**Exercise:**
With pictures removed, print the listing exactly.

═════ Input data

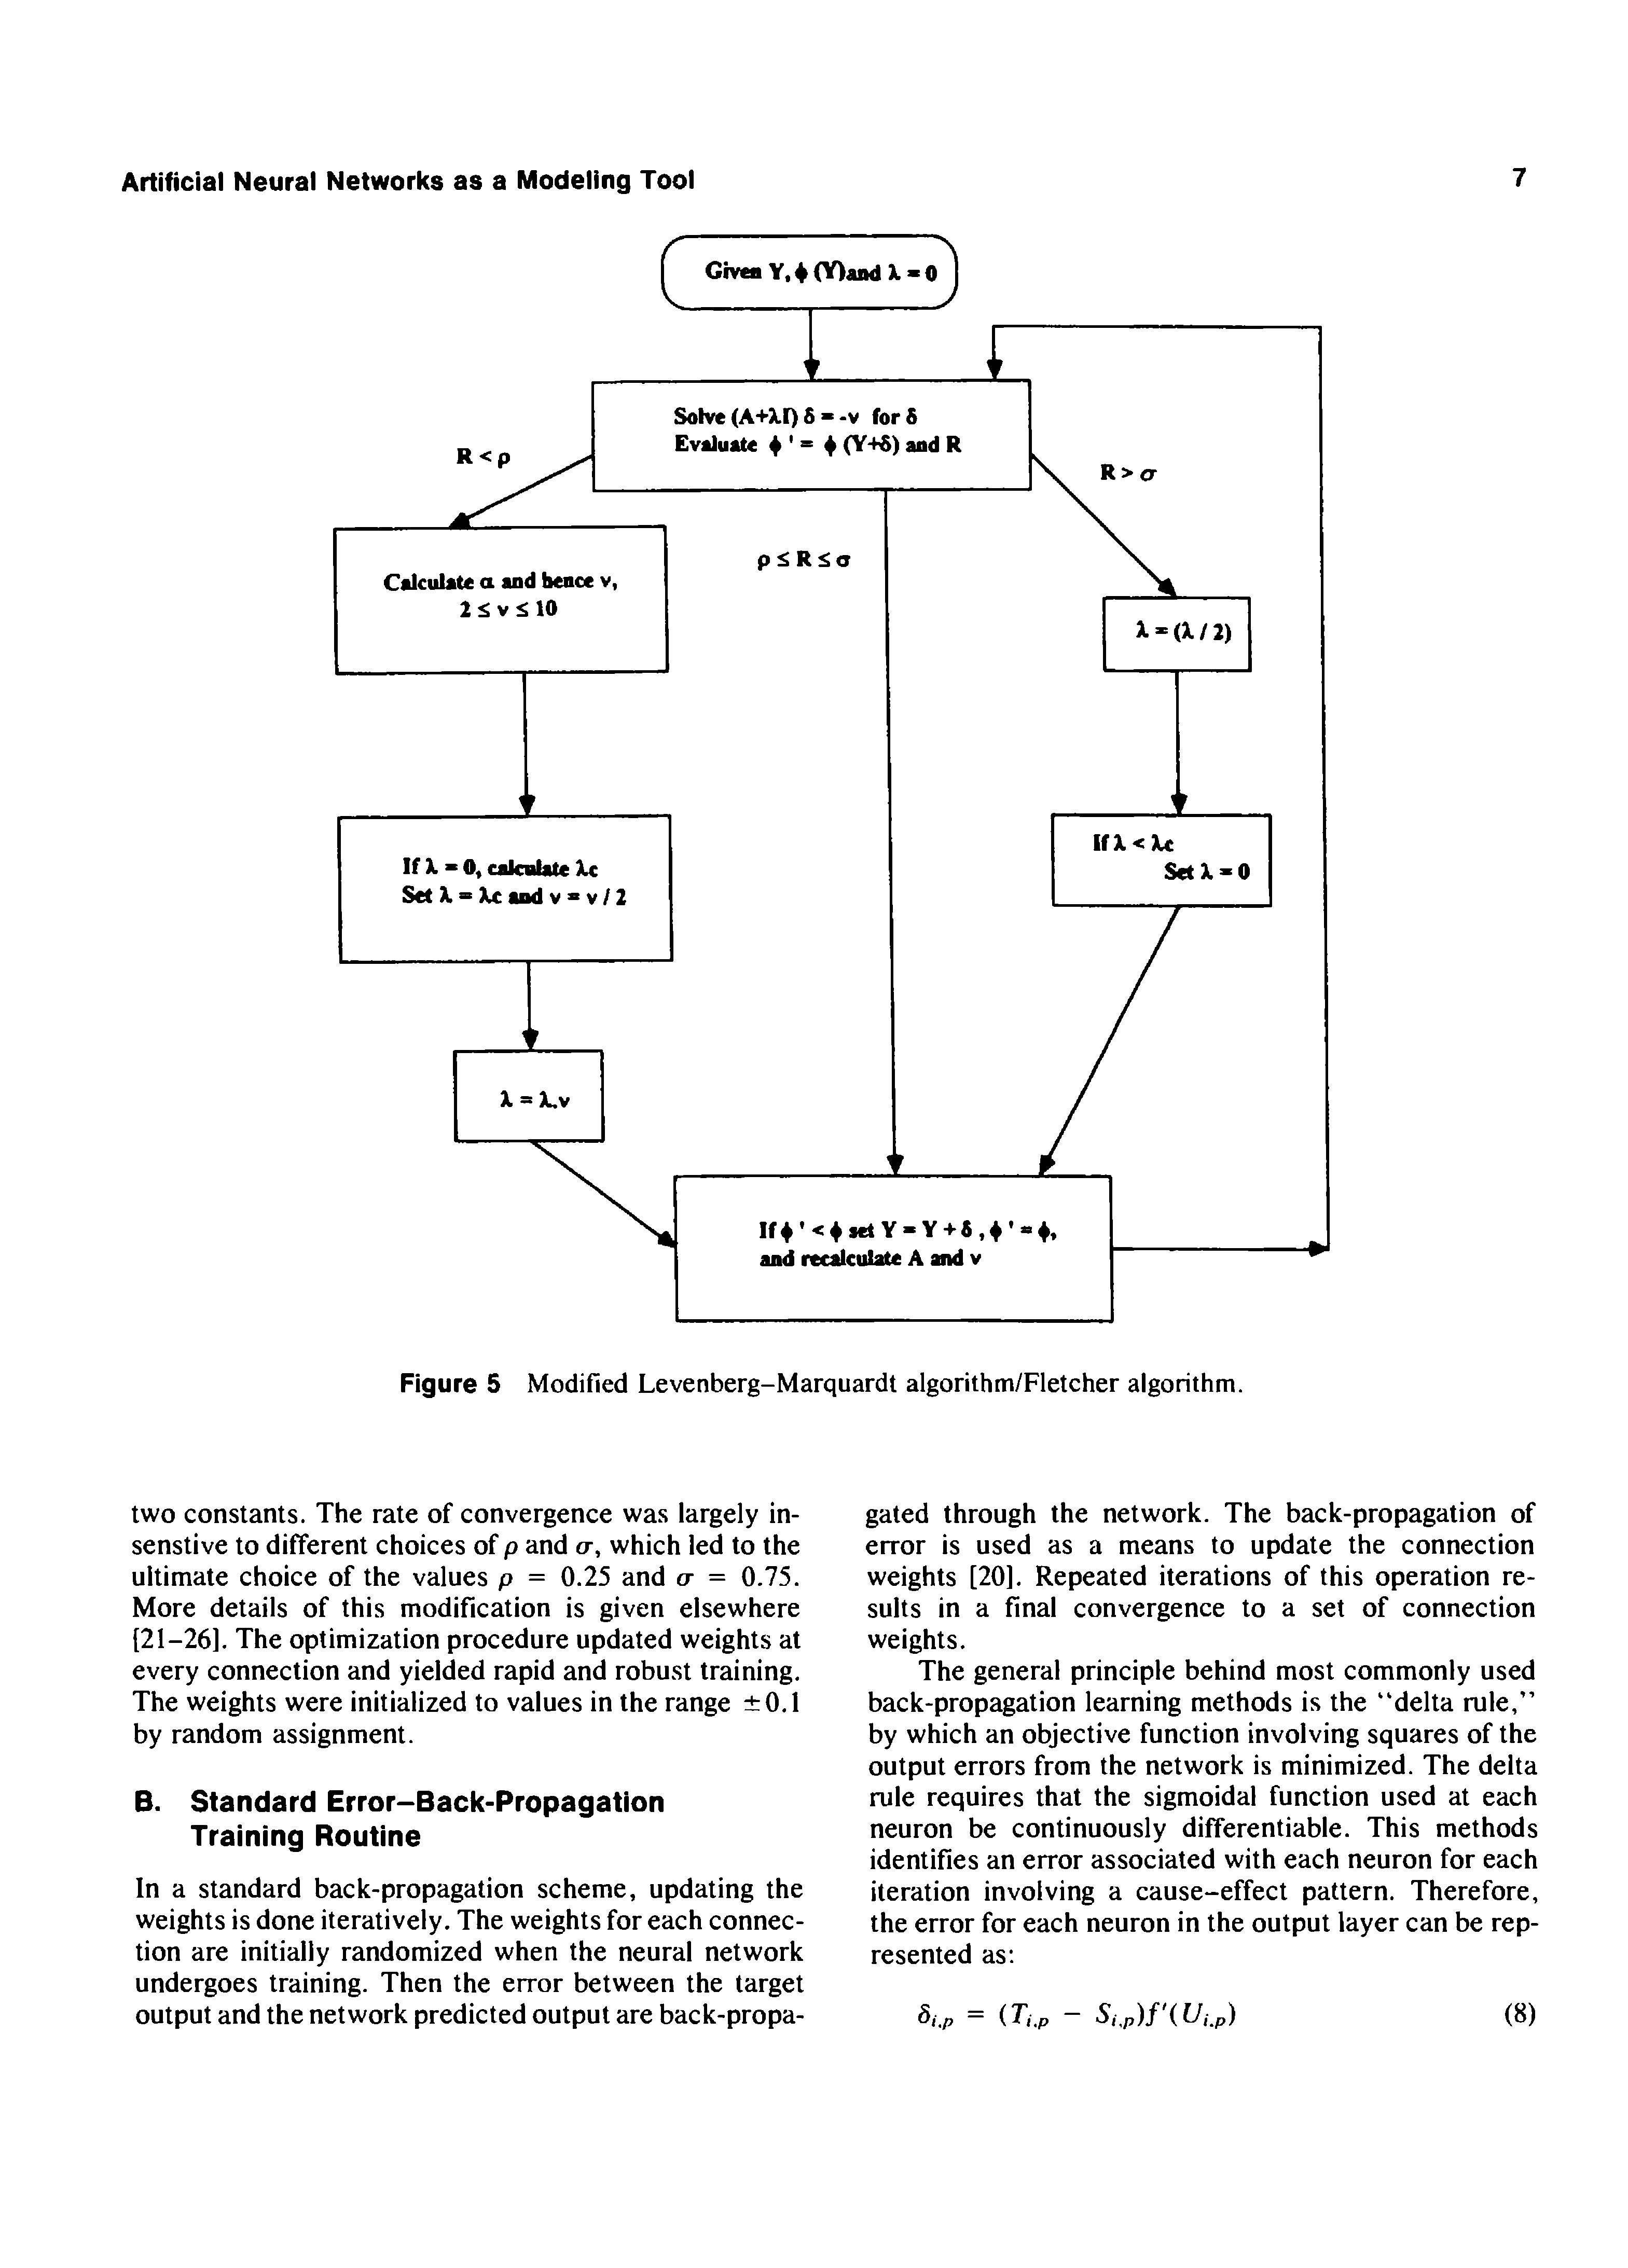 Figure 5 Modified Levenberg-Marquardt algorithm/Fletcher algorithm.
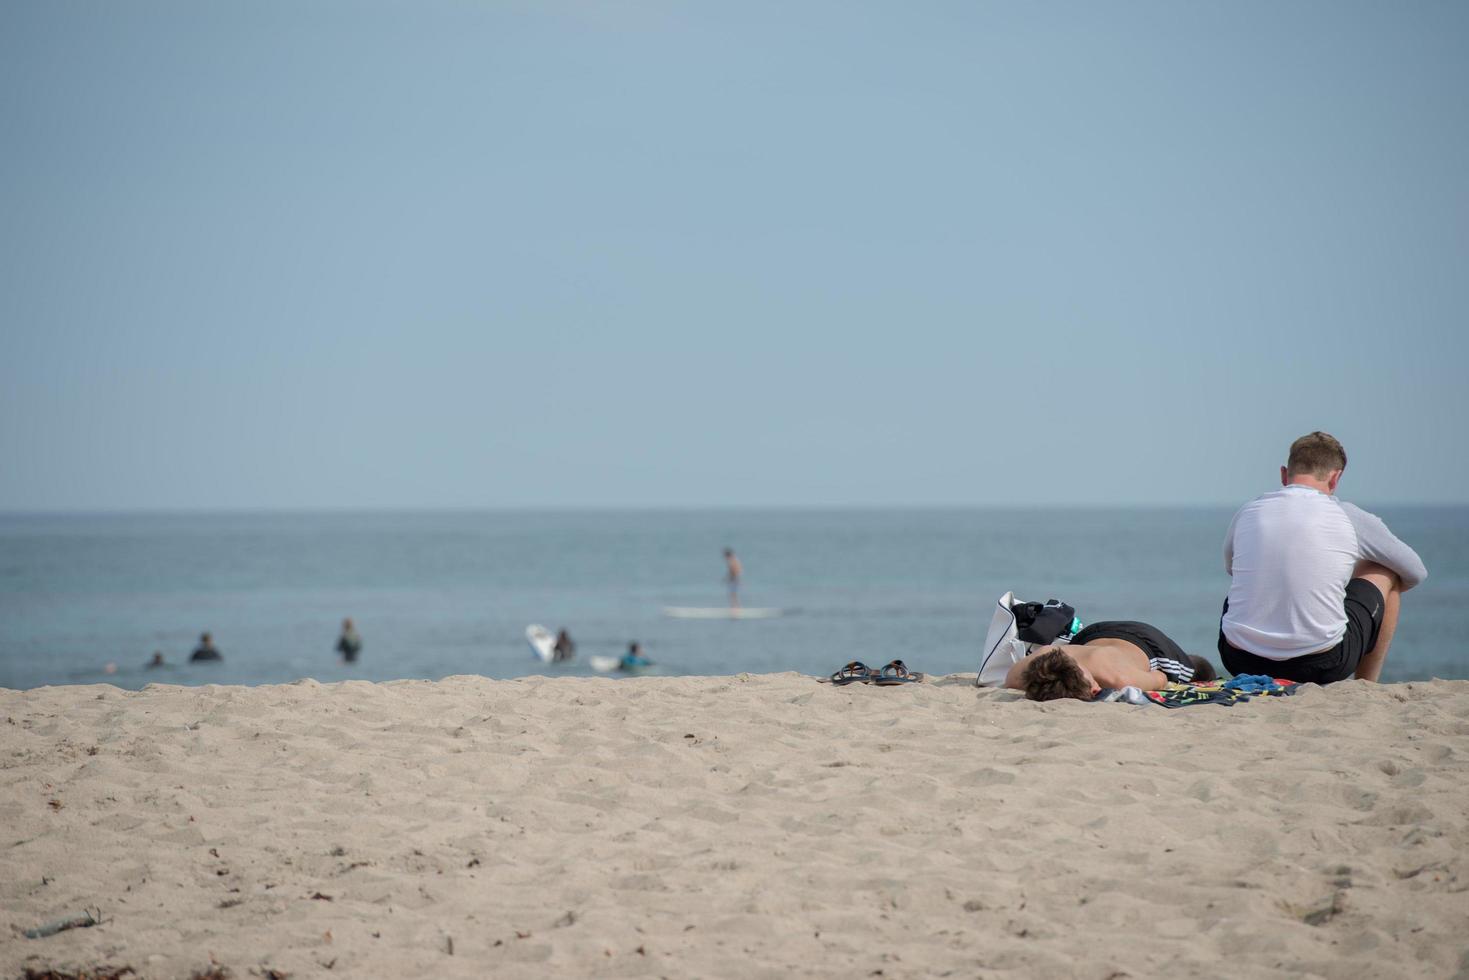 los engelen, Verenigde Staten van Amerika - augustus 5, 2014 - mensen in Venetië strand landschap foto
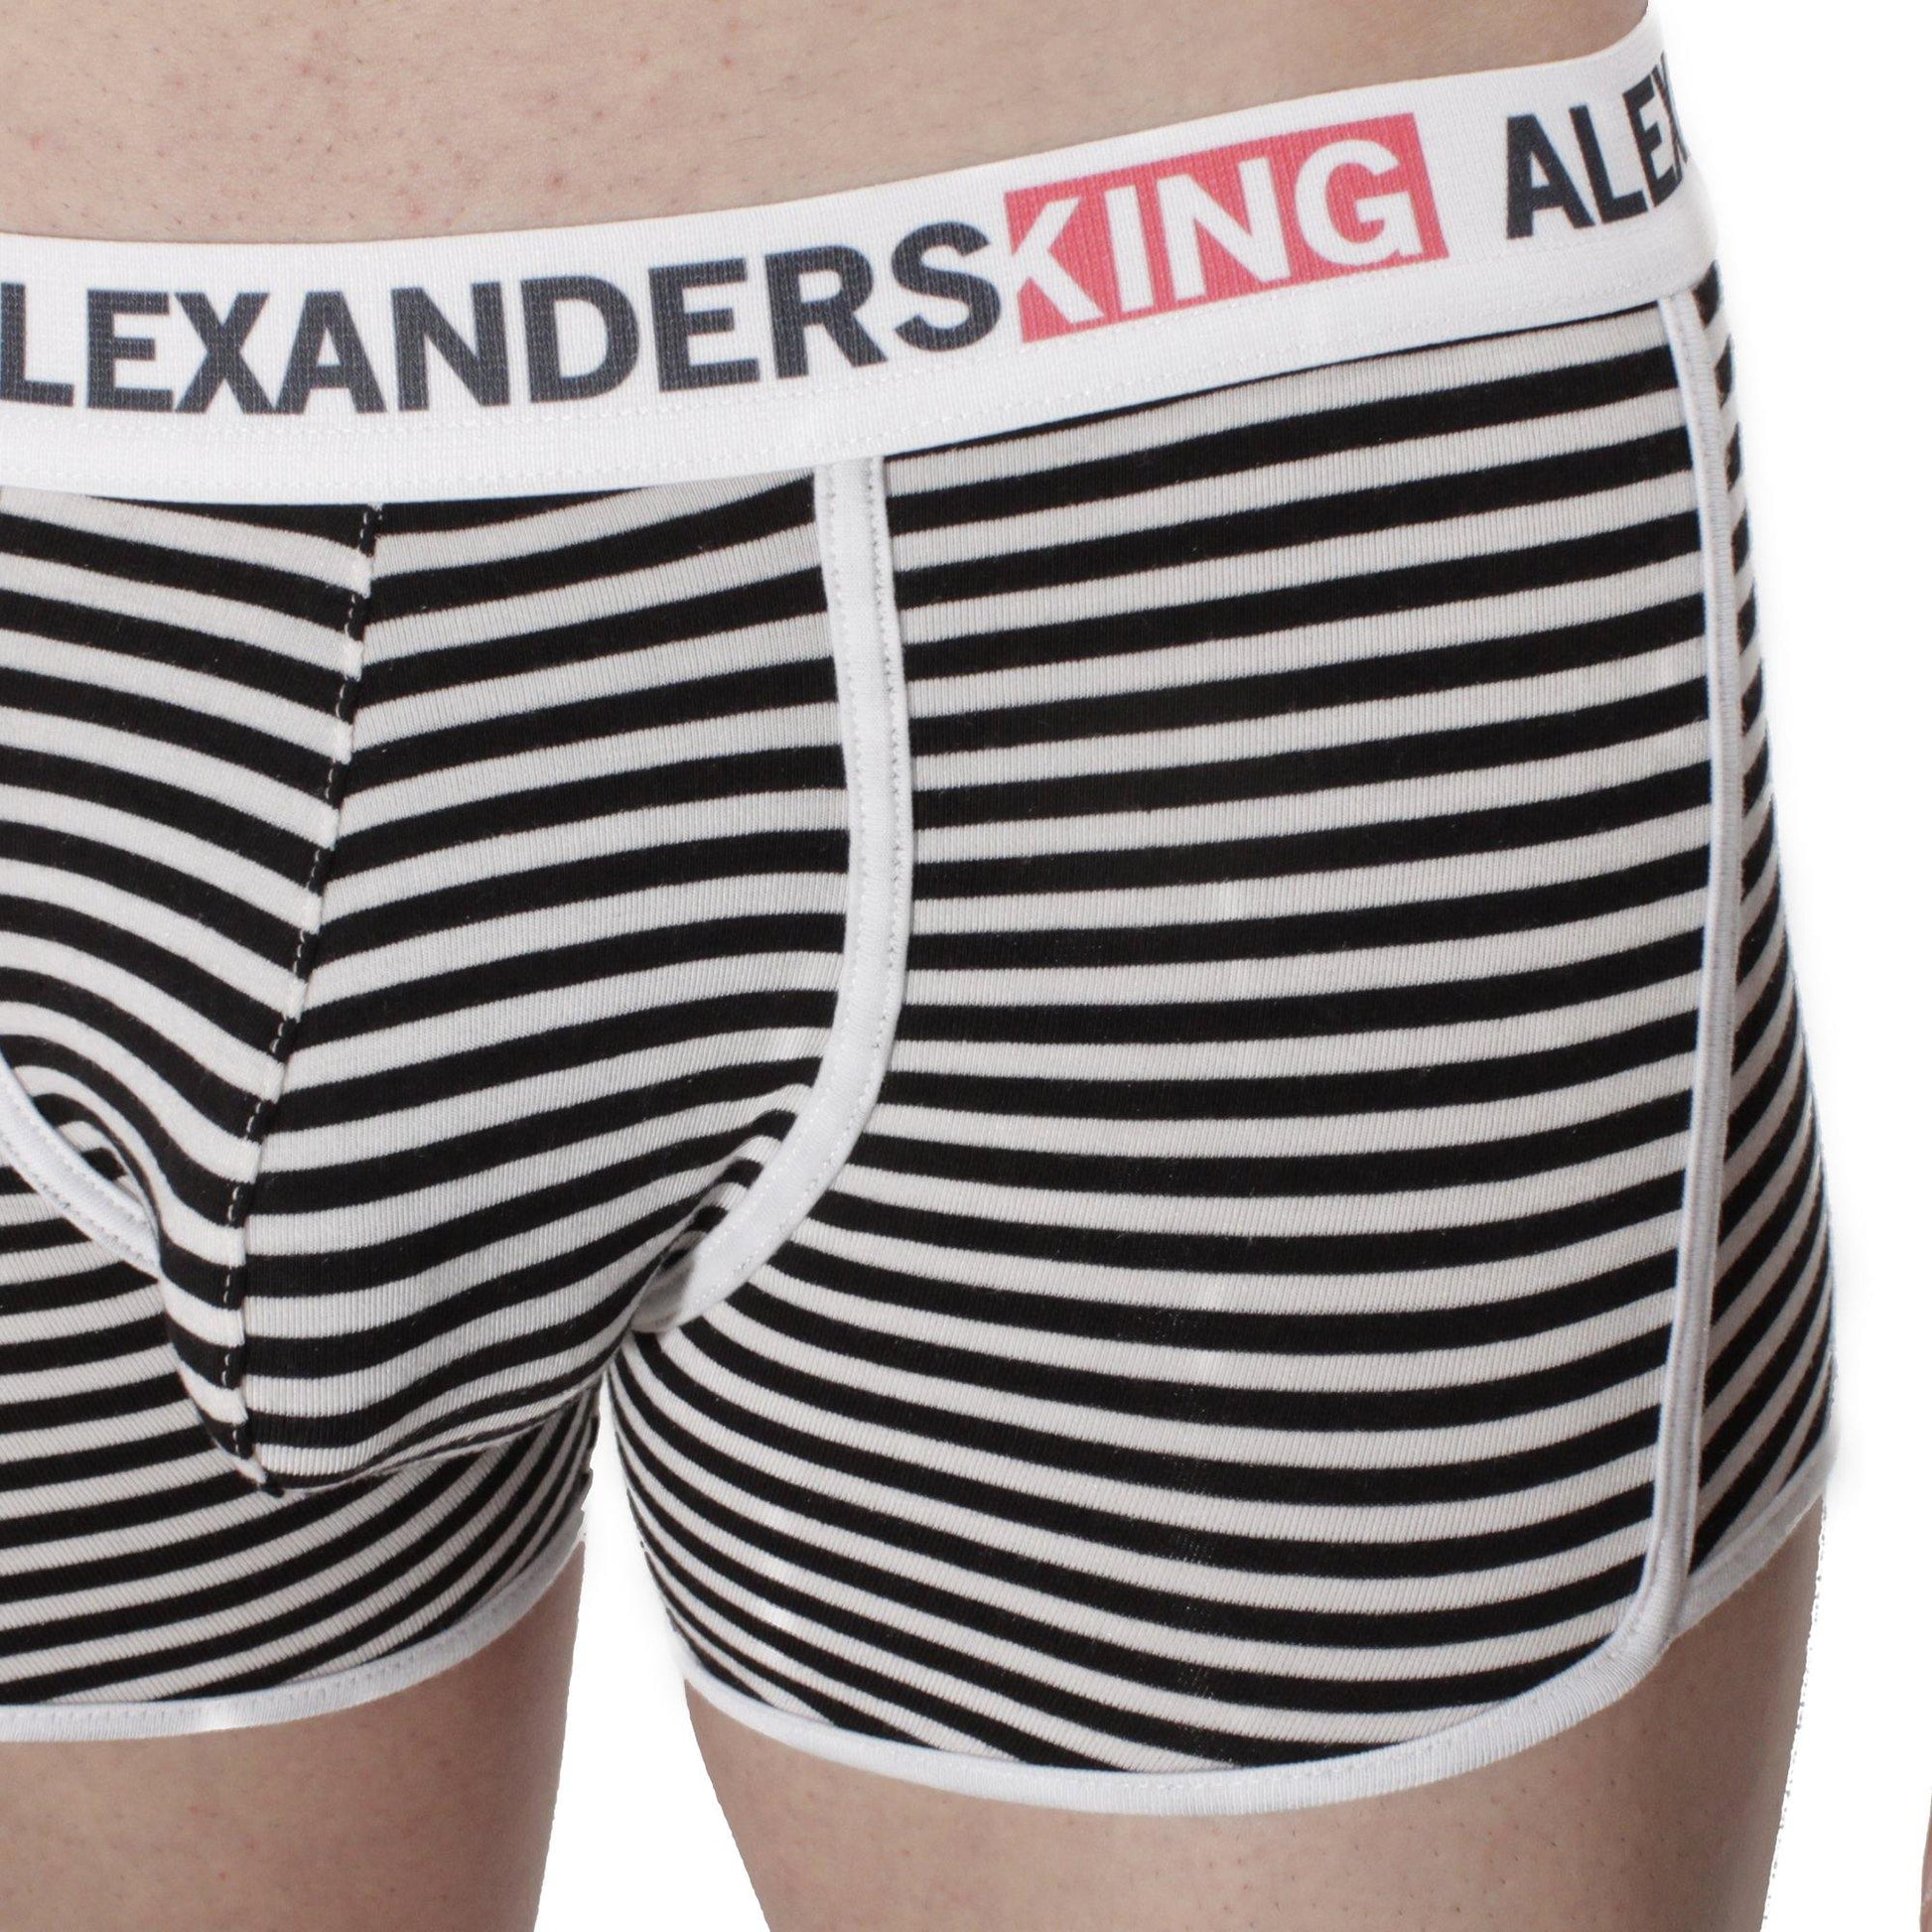 BP0019 - Horizontes Día y noche Comfort - AlexandersKing Underwear

══════════

**Answer section:**
 Figure 5 Modified Levenberg-Marquardt algorithm/Fletcher algorithm.
 los engelen, Verenigde Staten van Amerika - augustus 5, 2014 - mensen in Venetië strand landschap foto
 BP0019 - Horizontes Día y noche Comfort - AlexandersKing Underwear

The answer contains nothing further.